* _What the exercise asks_
Reproduce the following data exactly, minus any images.

* _Source data_
=== Section Start ===

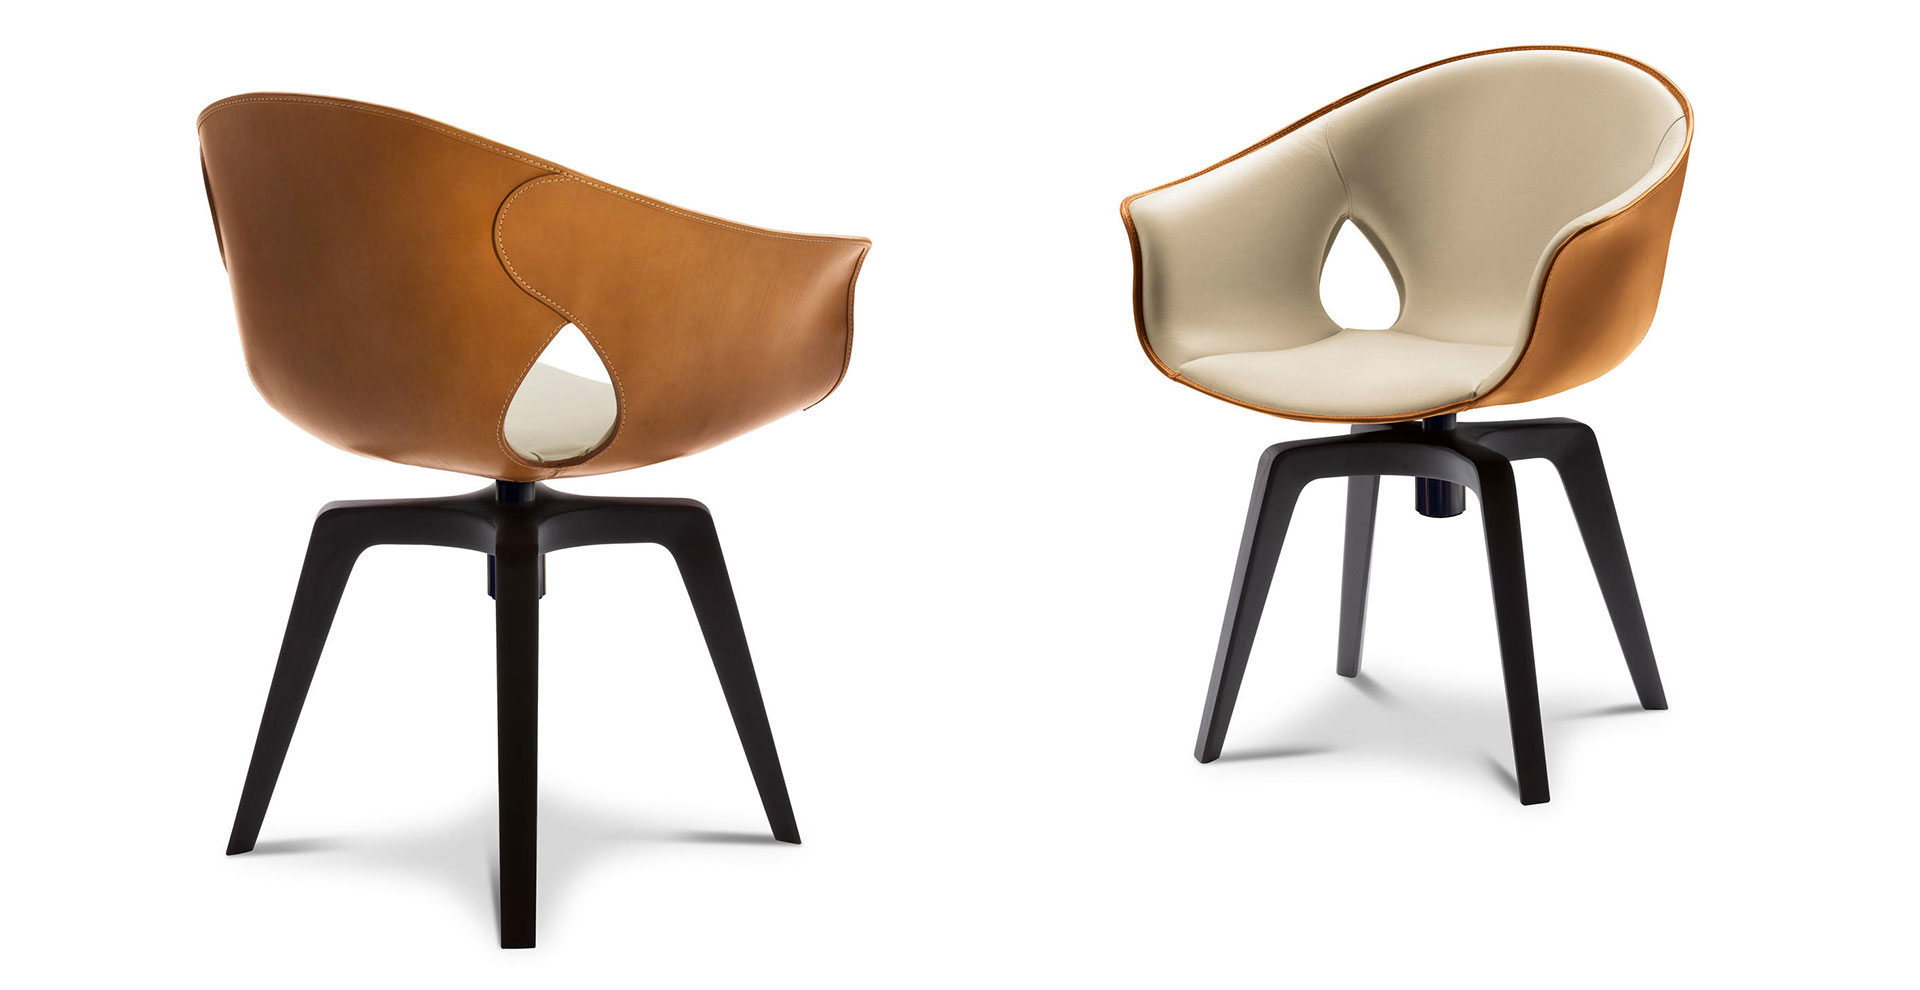 Ginger Poltrona Frau - chairs ginger poltrona frau
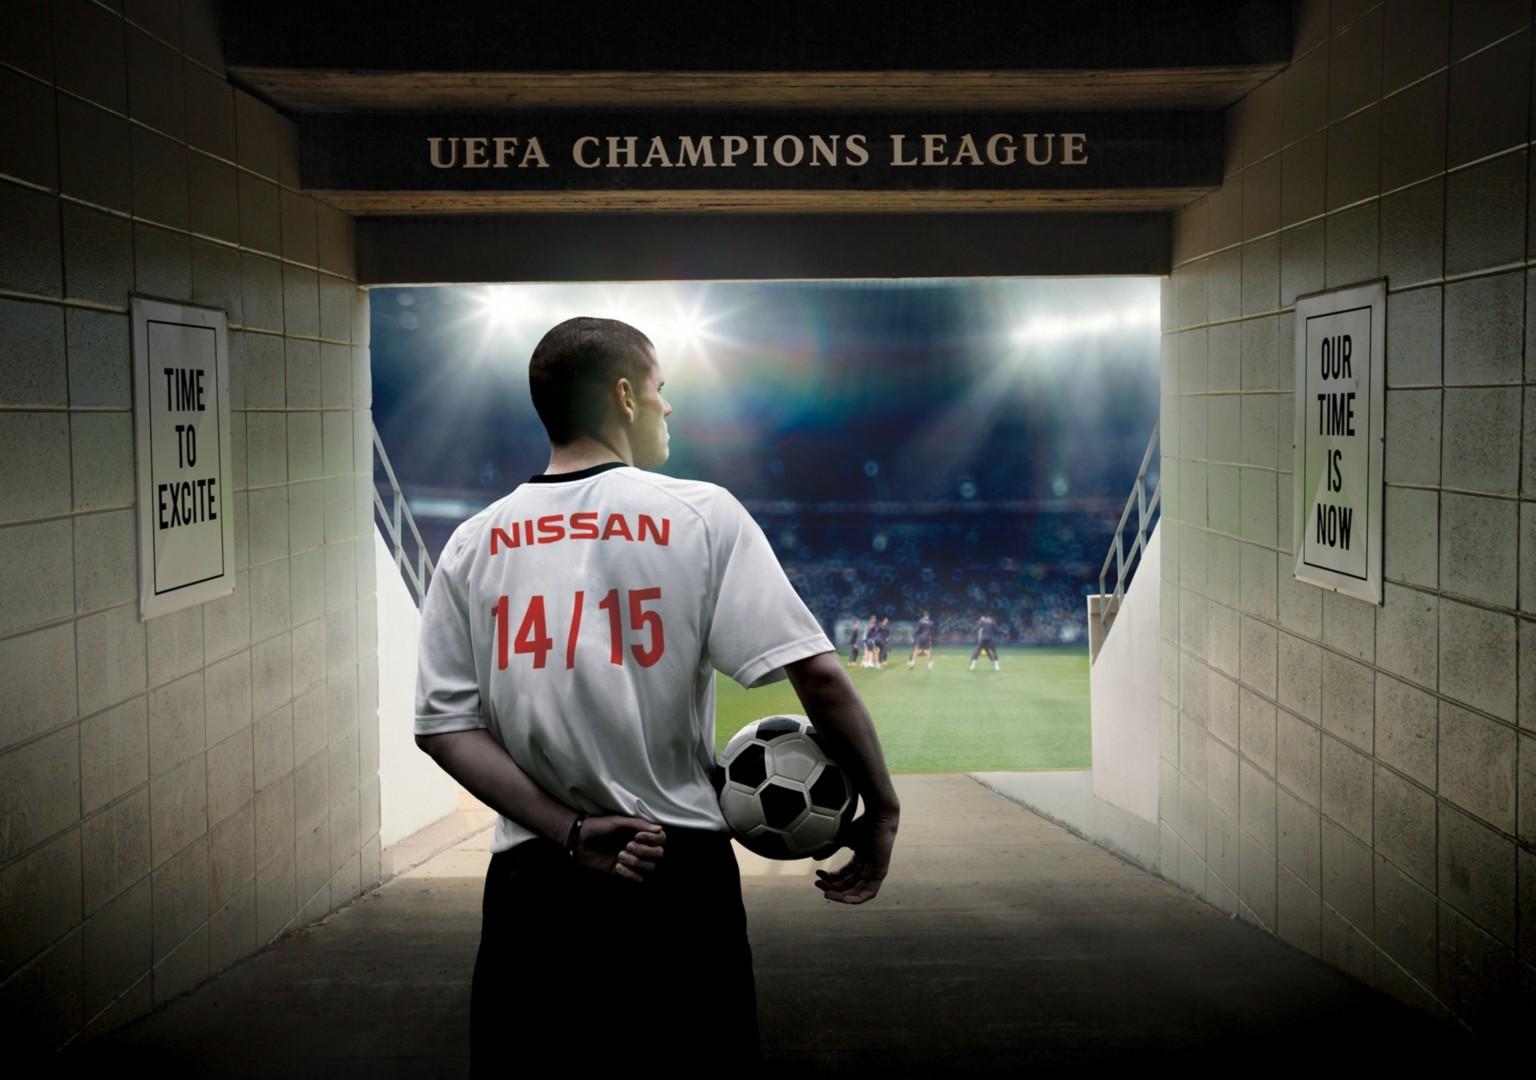 Nissan fa goal con la UEFA Champions League
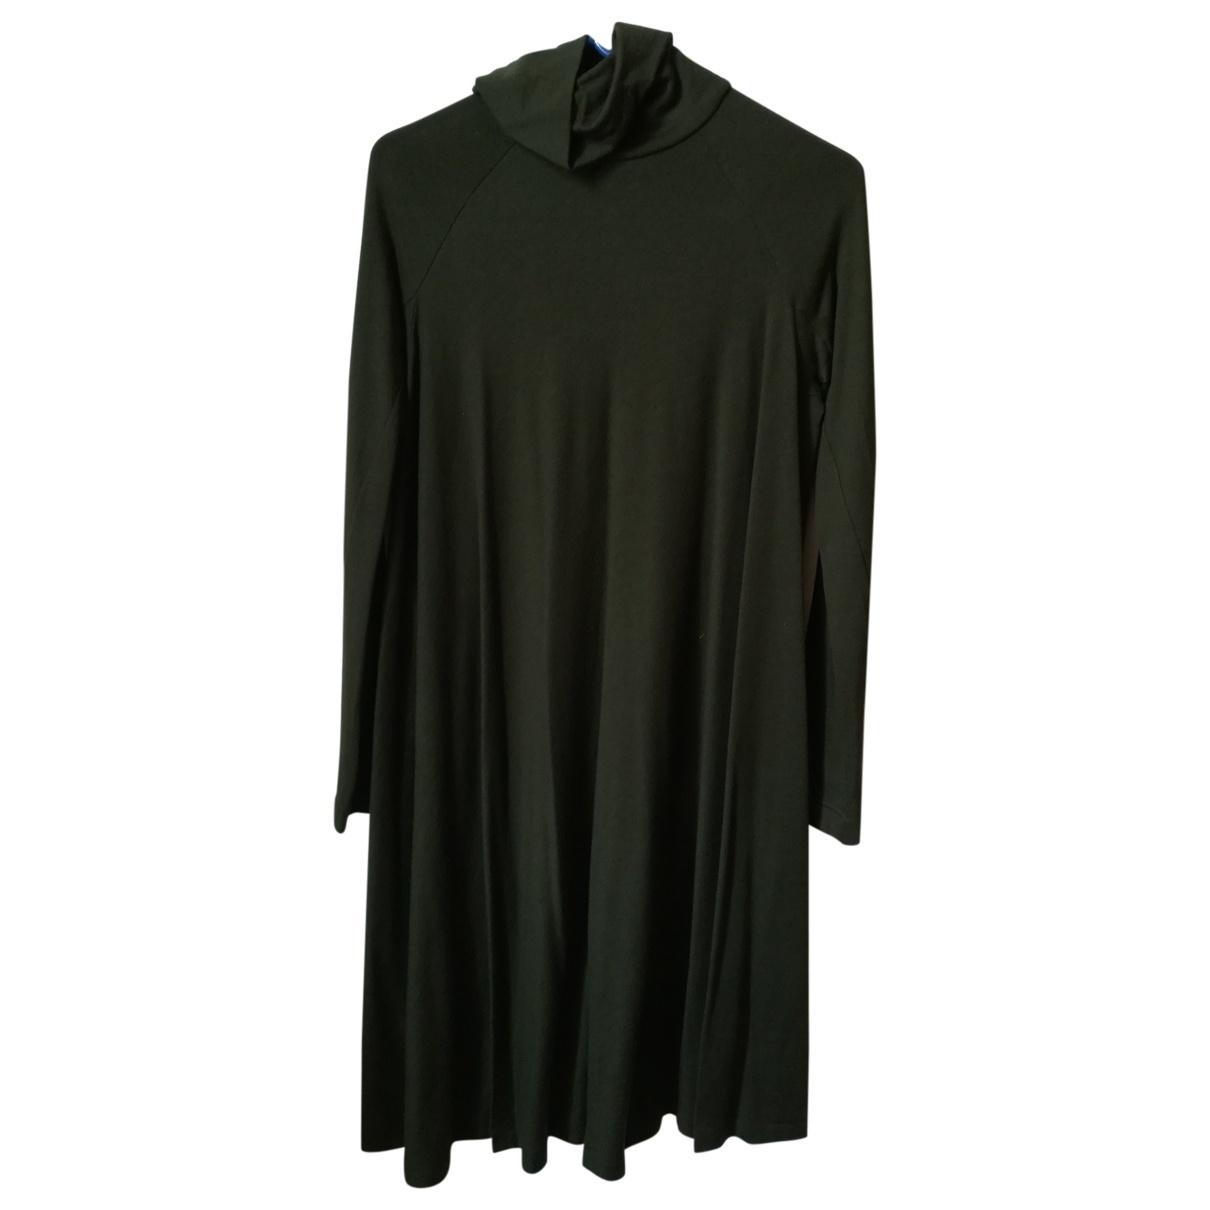 Aspesi - Robe   pour femme en laine - vert

=== Section End ===

* _Completed exercise_
 Ginger Poltrona Frau - chairs ginger poltrona frau
 Nissan fa goal con la UEFA Champions League
 Aspesi - Robe   pour femme en laine - vert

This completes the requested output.